James Reasoner (from Ed Gorman & Friends)

Mystery Novelist Dennis Lynds Dies at 81
The Associated Press
Sunday, August 21, 2005
By Alex Veiga

LOS ANGELES — Dennis Lynds, whose tautly written mysteries featuring the one-armed Dan Fortune were praised for reflecting contemporary political and social issues, has died. He was 81.

Lynds, who wrote under the name Michael Collins, among others, died Friday at a San Francisco hospital from septic shock caused by bowel necrosis and multiorgan failure, Mark Powning, an investigator with the medical examiner’s office, said Saturday.

Lynds collapsed Thursday in the parking lot of the University of California, San Francisco, Medical Center while trying to visit his eldest daughter, who had been hospitalized there, said Kathleen Sharp, a family friend.

He died the next day at San Francisco General Hospital, Powning said.

Sharp said the author, who lived in Santa Barbara, had been ill for some time and had undergone several surgeries for a stomach condition.

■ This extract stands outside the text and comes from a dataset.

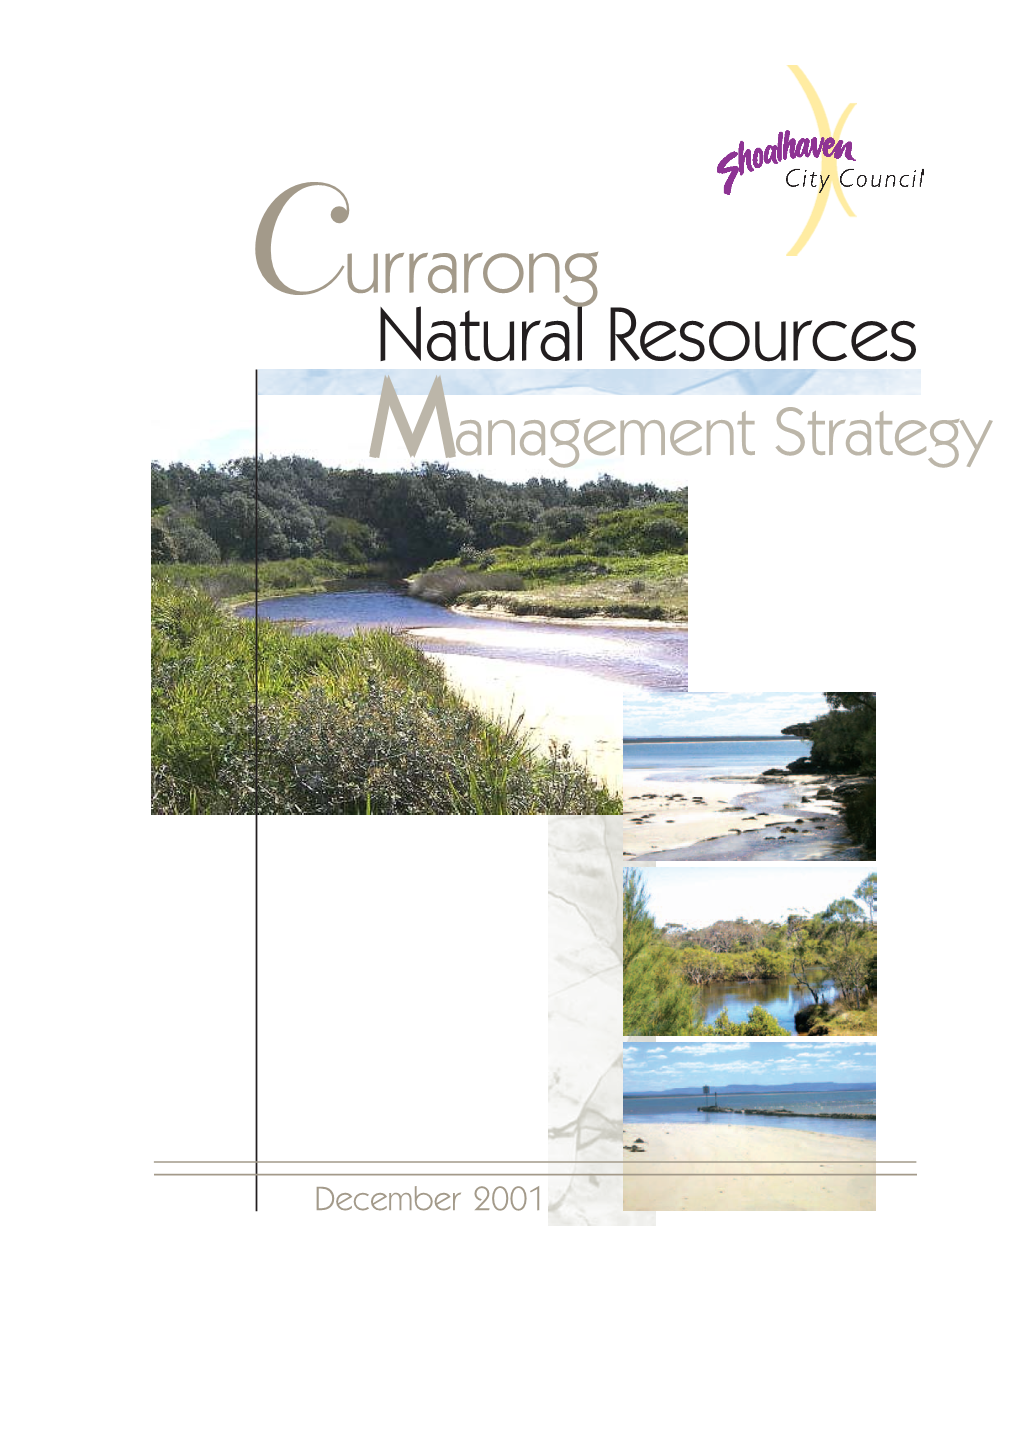 Currarong Natural Resources Management Strategy

In a career spanning more than four decades, Lynds wrote more than 80 novels and short stories, according to his Web site.

The first Dan Fortune novel, “Act of Fear,” was published in 1967 and won the Mystery Writers of America’s Edgar Award for best first novel. The last novel in the series, “Fortune’s World,” was published in 2000.

The Fortune novels were praised for their writing and for their willingness to reflect on contemporary political and social controversies.

“I write mysteries to say something, not just for entertainment,” Lynds told the Santa Barbara News-Press in 1982.

Lynds was born in New York and moved to Santa Barbara in 1965.

The Santa Barbara News-Press (Dennis’ local paper)

The Celebration of Dennis Lynds

The Celebration of Dennis Lynds will be held Sat, Aug. 27, from 10:30 a.m to 2:00 p.m. at the Unitarian Church in Santa Barbara. Please wear your cowboy hats and boots if so moved. And feel free to bring food and drink to share.

The family has requested that any donations should be sent to either:

The Dennis Lynds Special Collections at UCSB, Santa Barbara, CA 93106-9010. (Checks should be made to UC Regents, indicating it’s for UCSB’s Davidson Library, Lynds collection.)

Or to the Democratic Socialists of America, 180 Varick St., 12th Floor, New York, NY 10014. Dennis, who was honored with a Purple Heart and other medals during World War II, was a card-carrying member.